Эльвира продолжала зажимать рот своему визави, что-то ласково нашептывая ему. А Алексей Иванович только мычал, да еще дико вращал глазами, но…
Марк Семенович тяжело вздохнул, флегматично раскрыл журнал, медленно развернулся и ушел в спальню, продолжая ворчать по дороге:
– И не надоест же ему, одно и то же, одно и то же…
Эльвира убрала ладошку, поцеловала его в губы, горячо зашептала:
– Ах ты, мой лапочка? Не возражай, именно лапочка, – Эльвира продолжала его целовать. – Как тебя вчера называли на митинге? Да, вспомнила, глубокоуважаемый Алексей Иванович. Это тебе не хухры-мухры. Это признание, милый, твоих заслуг. Да-да, не спорь со мной. А мне все-таки больше нравится Алешенька. Можно и тебя так буду называть?
Алексей Иванович, кажется, полностью разопрел и разомлел в объятиях и под действием чар Эльвиры, и уже не пытался вырываться, а смиренно, положив голову ей не грудь, пробулькал:
– Тебе можно и Алешенька, но только в интиме, а так, на людях, лучше все-таки Алексей Иванович.
Она еще крепче прижала его к себе и с нотками игривости в голосе прошептала:
– Сейчас, по-моему, можно, еще пока не интим, но уже… что-то…
Страсть, похоже, незаметно подобралась к Алексею Ивановичу и охватила его полностью. Он, отвечая на ее ласки, стал страстно целовать ее, был слышен его хриплый от волнения голос:
– Дорогая моя, божественная, ты бесподобная, очень сексуальная и даже, я не боюсь этого слова (с придыханием), чуть-чуть сексапильная.
При этом он довольно энергично стал ласкать ее. Она же слегка защищалась, приговаривая:
– Ой, не надо так, глубокоуважаемый Алексей Иванович, а то это будет как вчера…
– В самолетике? – игриво произнес Алексей Иванович.
– Да, там, подожди, – теперь уже Эльвира пыталась высвободиться из его страстных объятий.
– Подожди, Алешенька, вначале я хочу немного выпить.
– Да? И я хочу с тобою тоже, – он тяжело дышал, – немного водки.
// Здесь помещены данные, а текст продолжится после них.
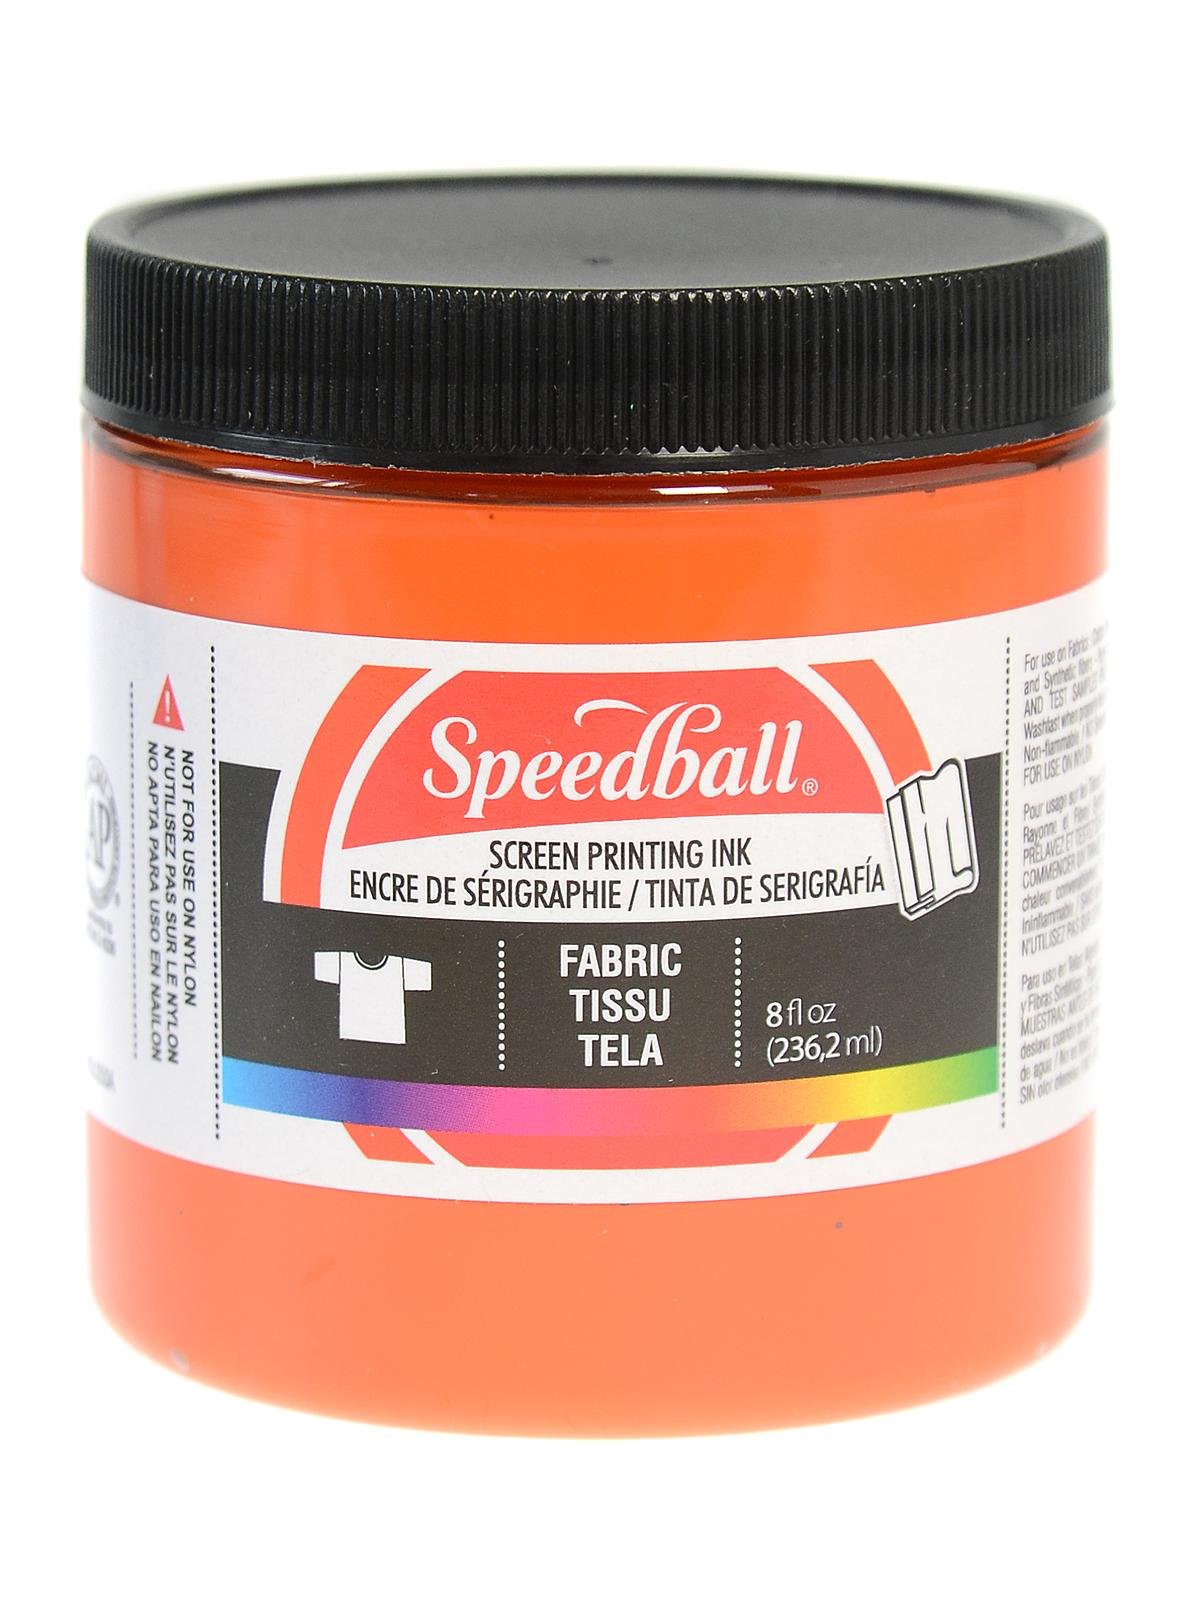 Speedball Fabric Screen Printing Ink 8 oz Jar - Orange

– Нет, ни в коем случае, – запротестовала Эльвира, – только шампанское. Я боюсь, что ты опять начнешь делать глупости, как вчера.
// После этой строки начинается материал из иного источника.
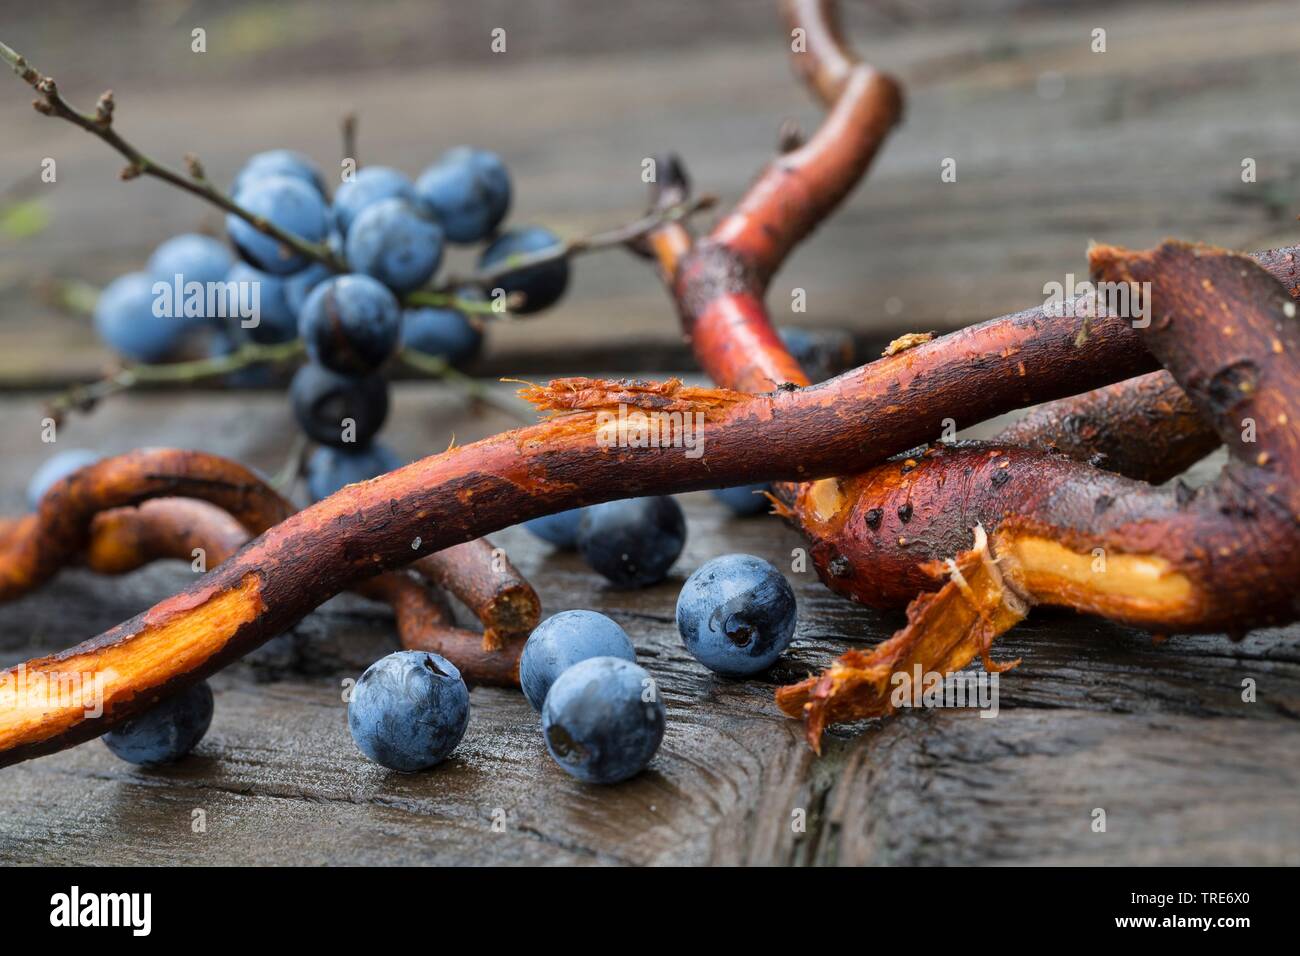 Prunellier, prunelle (Prunus spinosa), racines et fruits recueillis prunelle, Allemagne Banque D'Images

– В «Tу»? – шутливо спросил Алексей Иванович.
– Да, именно там, – ответила она, поддерживая интонации его голоса.
Они громко засмеялись. Алексей Иванович вытянул руки, изображая ими и голосом шум летящего самолета. Неверное, он делал это слишком громко, поскольку в дверь заглянул Марк Семенович и обеспокоенно спросил:
– У вас все в порядке?
Увидев, что они целуются, он осуждающе покачал головой и проворчал себе под нос:
– И не подхватит ведь никакой заразы, толстожопый боров. Всё, день пропал. – Он, как и раньше, махнул рукой и вернулся в спальню.
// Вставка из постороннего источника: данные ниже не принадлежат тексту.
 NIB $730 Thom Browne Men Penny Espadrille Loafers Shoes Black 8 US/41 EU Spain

Марк Семенович слышал, как в гостиной выстрелила бутылка шампанского. Ему уже порядком надоела вся эта кутерьма. Он тоже сам налил полстакана спирта.
– А, пропади оно все пропадом. – Помощник депутата поискал бутылку с водой, и, не обнаружив ее, крикнул:
– Алексей Иванович! Куда вы задевали бутылку с водой?
Голос Алексея Ивановича с придыханием сообщил:
– Ко мне нельзя, я занят, зайдите попозже.
Марк Семенович, подняв стакан спирта в руке, философски заметил: – Он жe не откинул копыта, чего же я должен? Пропади пропадом все эти депутаты, демократы, с капиталистами и коммунистами в придачу. – Чуть подумал и добавил: – Хай живе вильня Украйина.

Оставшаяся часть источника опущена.